Vehicle classes for FF09: 33/48/49/50 exact match (48 = Balamb Garden, 49 = chocobo, 50 = Ragnarok); 128 = on foot (id < 10 or 128); 129 = id < 2; 130 = id 8–9; 131 = trains (id 16–22); 132 = cars (32–40 or 132); 133 = id 34–40.

Action opcodes (Wm_Script_RunGlobalEvents)

Op Action
FF08 Warp to field — arg = wm2field.tbl entrance; director returns 1
FF2B Start battle — arg = encounter ID; director returns 3
FF26 set world_docking_state context byte = b2 (starts docking sequences)
FF28 set savemap script bit b2 (0–63) to b3
FF2E set savemap script var [b2] = b3
FF37 add item b2 × quantity b3 to inventory
FF36 consume this frame’s input (blocks further button conditions)
FF1F show message window — slot b2, text id b3 (text from the wmset text section)
FF23 show question window — slot b2, text id b3, 2 selectable lines (read back with FF29/FF2A)
FF24 close message window slot
FF05 end of action list

The world map has 13 message-window slots (world_msg_windows, 16 bytes each: text id, alignment mode 0–3, text-layer handle, color, x, y). This is the system behind train-station dialogs, rental-car fare messages and the “Fuel: N” display.

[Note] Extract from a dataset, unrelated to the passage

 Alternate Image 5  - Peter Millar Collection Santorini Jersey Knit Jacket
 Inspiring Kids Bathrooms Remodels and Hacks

The savemap script bits (2×32) and vars (2 bytes) live in the world-map save block (SG_WORLDMAP_DATA +116/+120 and +124) — they persist in save files.

Address table

Name Address Description
Wmset_warpConditionSystem 0x545F10 Script interpreter (IF/THEN/ELSE walker)
wm_scriptCheckCondition 0x546100 Condition opcode evaluator
Wm_Script_RunGlobalEvents 0x54D7E0 Section 37 per-frame evaluation + action execution
Wm_Script_GetLocationWarpEntrance 0x545EA0 Section 8 script for the current location
Wm_Script_GetLocationWarpAnyState 0x54FFE0 Section 8 with all overrides forced true
wm_script_override_vehicle/position/flag0/buttons 0x2040A2C–0x2040A38 Condition wildcard flags
wm_script_input_consumed 0x2040A40 Set by FF36, blocks FF20 until cleared
world_story_progress 0x2036BDE Story progress value tested by FF02/FF03
world_docking_state 0x2036B70 Docking context (see module runtime page)
COMBAT_SCENE_ID Last encounter ID (FF34)

Addresses are for FF8_EN.exe (2000 PC release) as mapped in IDA (image base 0x400000).